Книга: Кораблики, или «Помоги мне в пути…» | страница 24
Места хватало. Ракушечные и туфовые толщи Полуострова за три тысячи лет были изрыты внутри, как старая причальная свая морскими червями. В глубину не проникала ни малейшая вибрация – это было главное условие настройки Конуса. Наверху грызли культурный слой студенты-практиканты, бродили толпы туристов, и никому в голову не приходило, что железная дверца в торце сложенного из ракушечника сарая, украшенная трафаретной надписью «Служебное помещение», ведет не в кладовую с шанцевым инструментом и не в комнату с электропитанием здешнего музея, а в кабину лифта, соединяющего привычный солнечный мир с межпространственным вакуумом. Точнее, с лабораторией, где восемь почти свихнувшихся типов пытались существование этого вакуума доказать. Доказать, а затем соединить новую теорию с теорией темпоральных барьеров и понятием многомерных пространств – чтобы в конце концов связать все это в программу, условно именуемую термином «Бур».

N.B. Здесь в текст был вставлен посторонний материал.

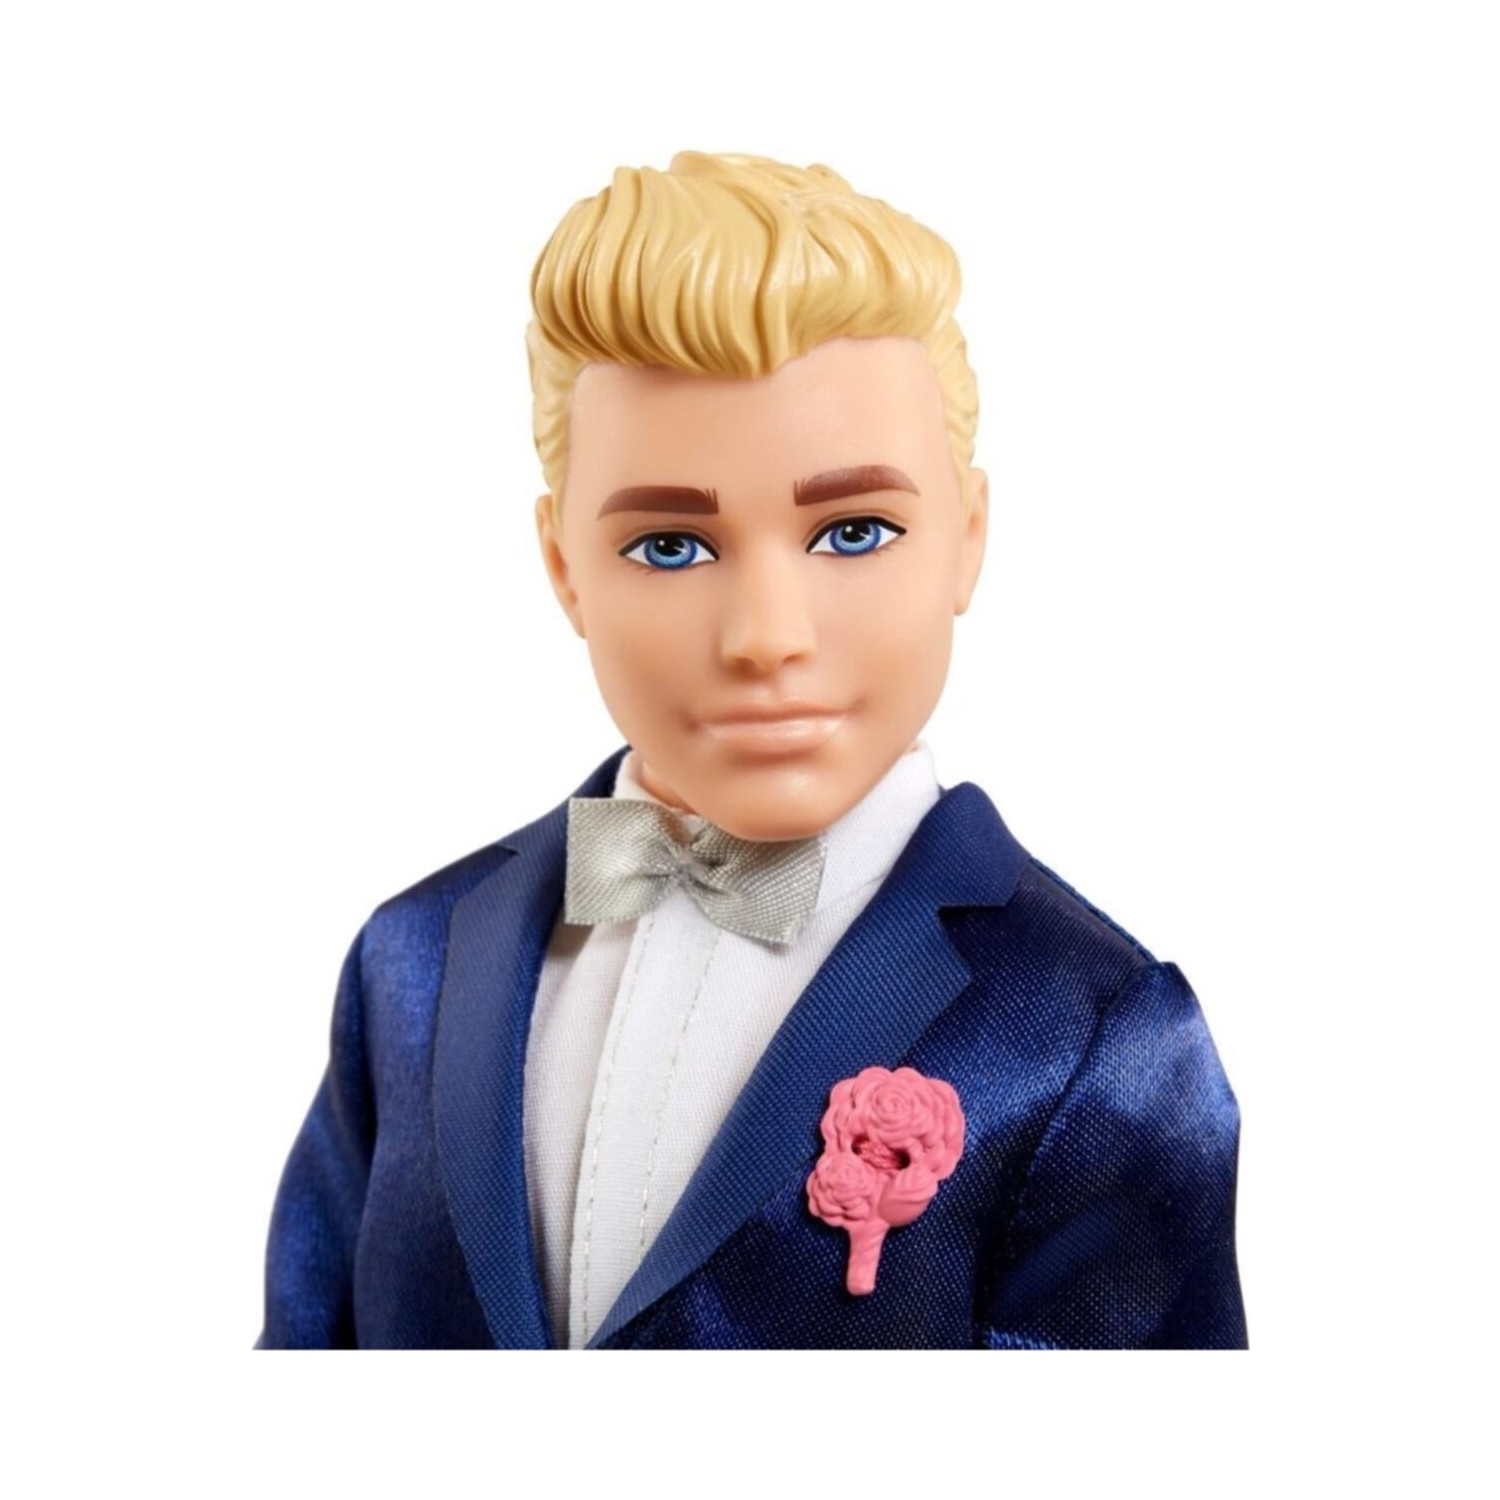 Кукла Barbie Кен

Никто из нас не знал, какова вероятность удачи. Ясно только было, что шансов – меньше половины. И потому секретность секретностью, а денег давали гроши. Тем более, что в наступившее смутное время их никому не хватало, денег-то. К тому же почти всем представителям сменявших друг друга правительств было вообще непонятно, для чего мы занимаемся своей чертовщиной. Столько средств ученая братия ухлопала без всякого толка в космонавтику, а тут еще это…
Мы нищенствовали, проклинали все правительства и Академию и… вкалывали. Порой доходило до смешного. Рокки – наш многомудрый Женька Рокалов – ухитрился смастерить сложнейший отметчик темпоральных корпускул из разбитого плейера, стеклянной банки от компота и листа фольги от дефицитной в ту пору шоколадки…

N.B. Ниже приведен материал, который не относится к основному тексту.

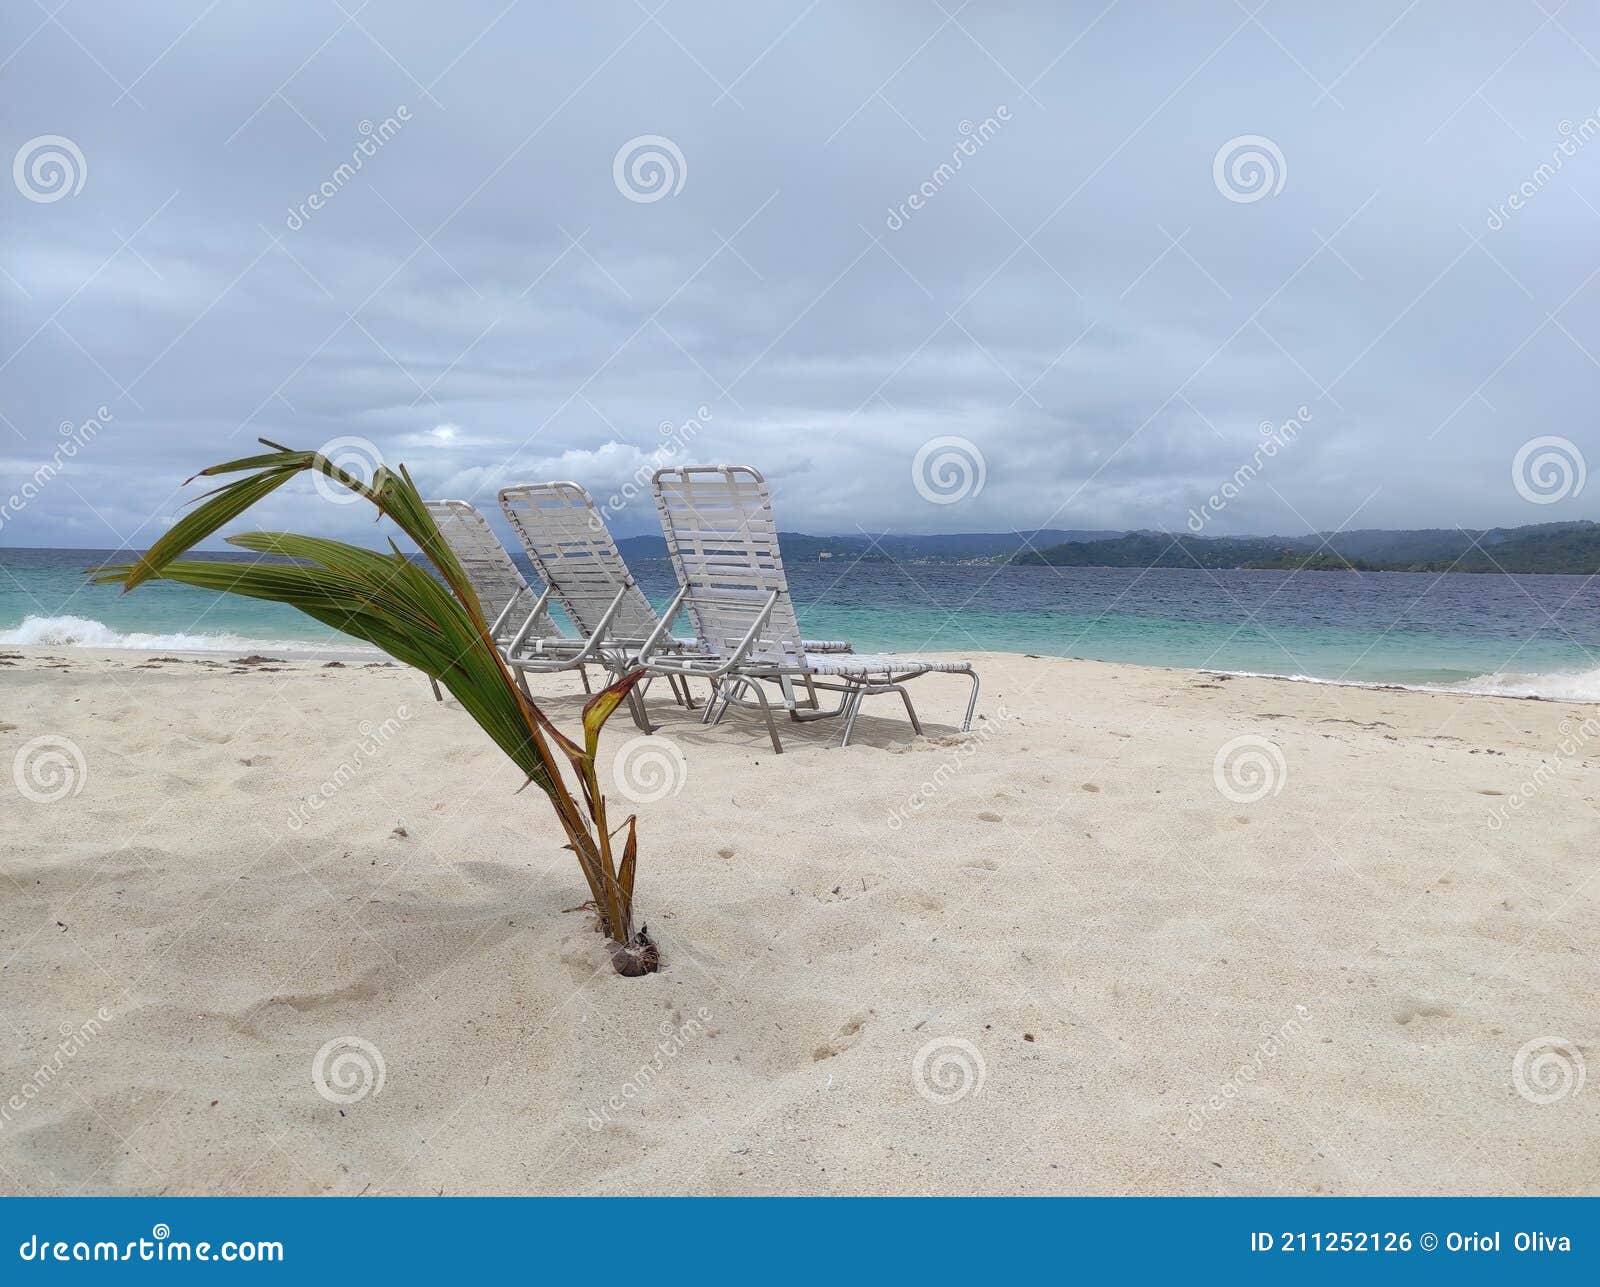 beach in the caribbean sea. punta cana. isla saona

А Конус, несмотря ни на что, рос и впитывал в себя все, что мы насочиняли в своих почти бредовых гипотезах. И выстраивал это по-своему – порой с такой неожиданной логикой, что мы только ахали: «Ай да дядя Кон, голова редькой вверх!» А дядя Кон начинал понемногу проявлять не только техническую, но и философскую премудрость. И подавал надежды…

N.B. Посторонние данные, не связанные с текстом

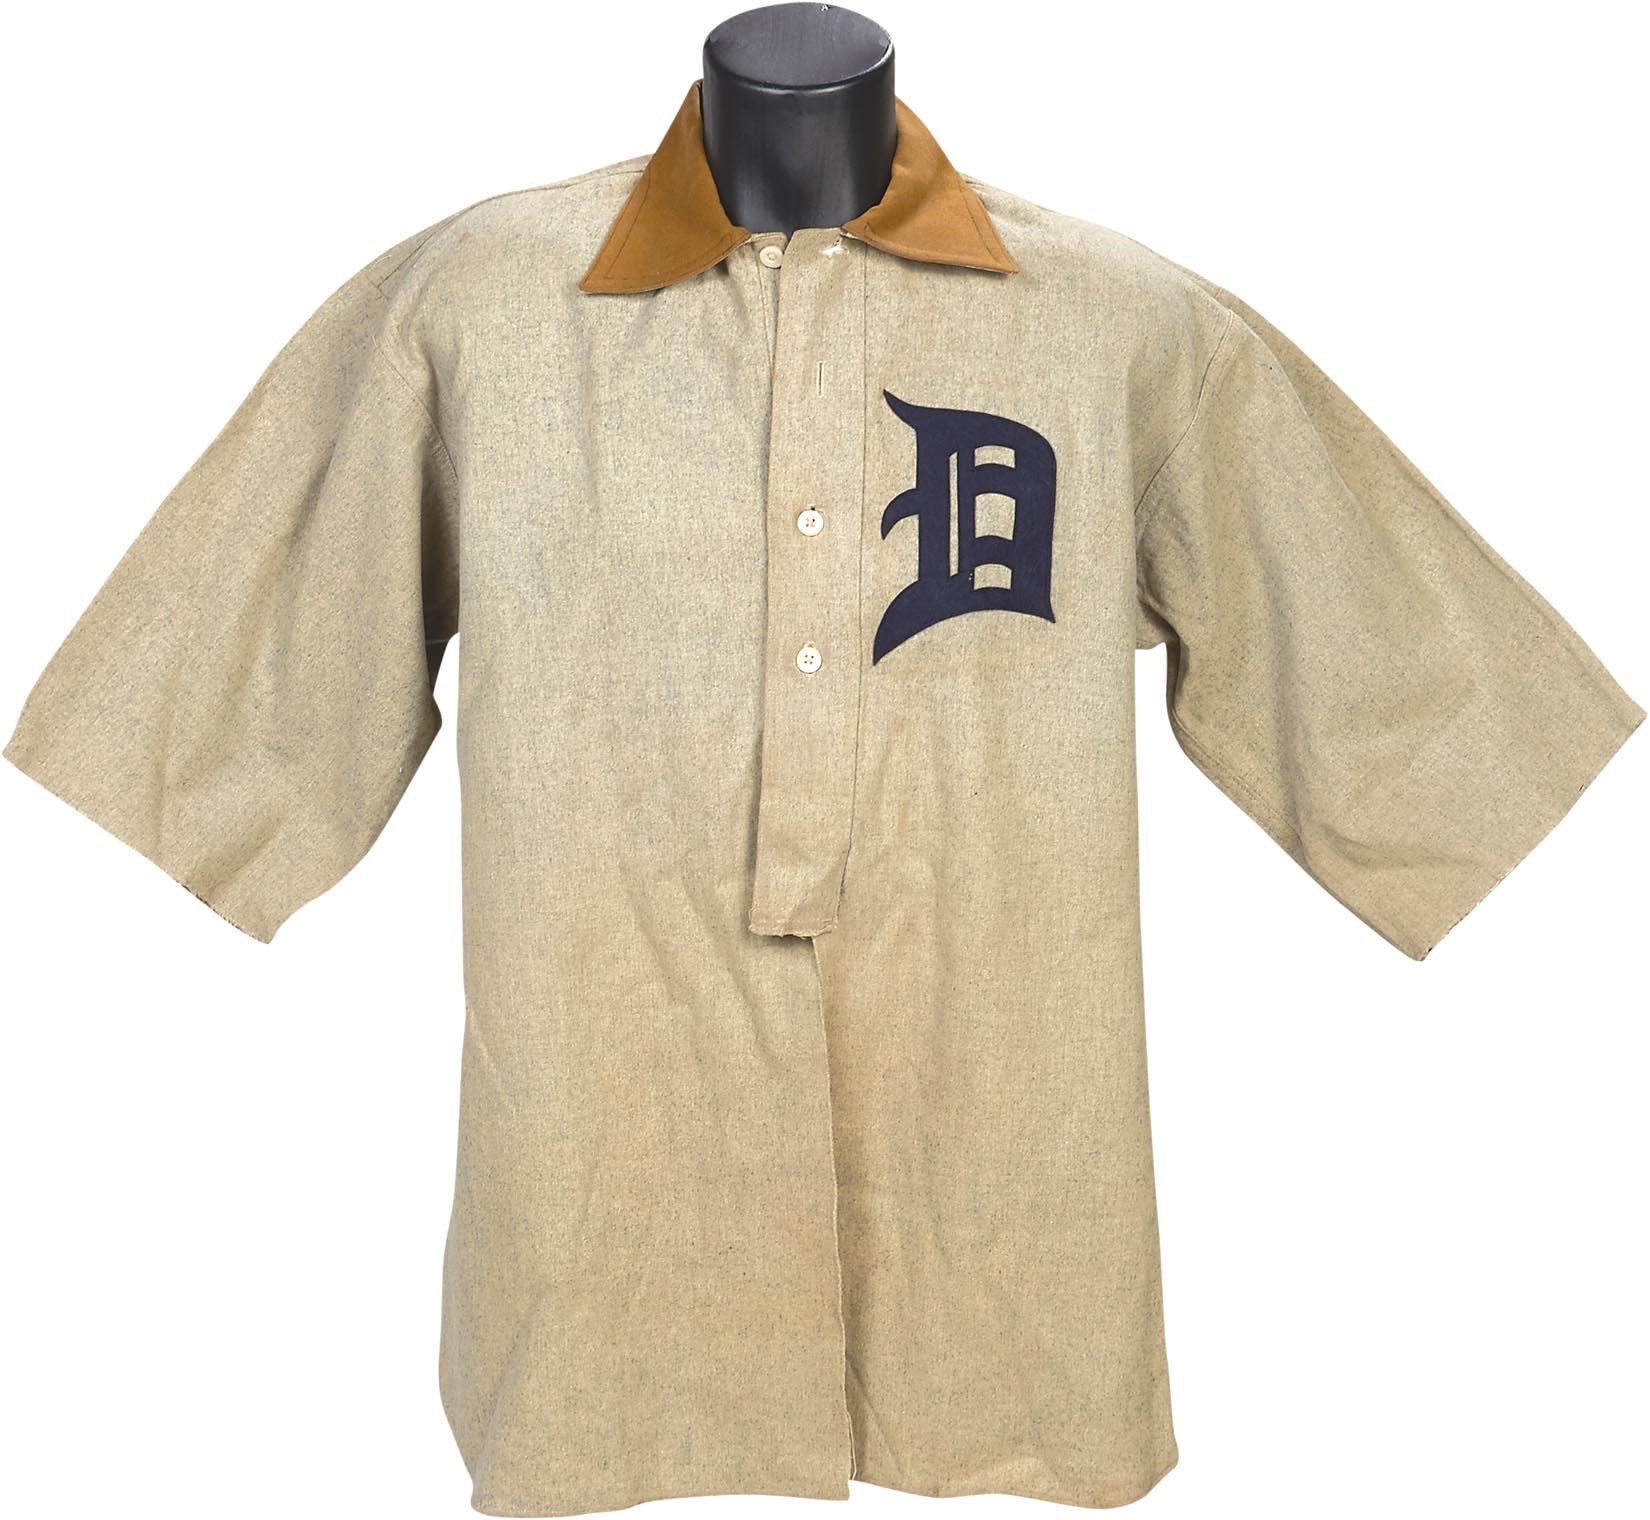 Circa 1907 Bobby Lowe Detroit Tigers Game Worn Jersey

Последние три месяца до Ухода, когда стало уже ясно, что это получилось, были для меня временем лирики и отдохновения. Свои дела по навигационной настройке я закончил. Оставалось ждать. И я бездельничал один или с Юджином.
В то лето в заповеднике было пусто. Практиканты на раскопки не приехали, туристы появлялись редко. Время наступило тревожное, бестолковое, непонятное. Республики все чаще выясняли отношения с помощью бронетехники и реактивных установок, на Полуострове бурлили митинги и забастовки и не хватало хлеба. Несколько правительств возымели намерения делить Южный Военный флот (ЮВФ), стоявший в здешних глубоких бухтах. А ЮВФ сам не мог решить: делиться ли ему, или оставаться единым и никому не подчиняться, или объявить себя принадлежащим какой-то одной республике. Иногда сизые стальные корабли выходили на внешний рейд, угрожающе ворочали орудийными башнями и разносили над водой неразборчивые мегафонные команды. На крейсерах и авианосцах порой по нескольку раз в день меняли разноцветные кормовые флаги недавно возникших держав и коалиций…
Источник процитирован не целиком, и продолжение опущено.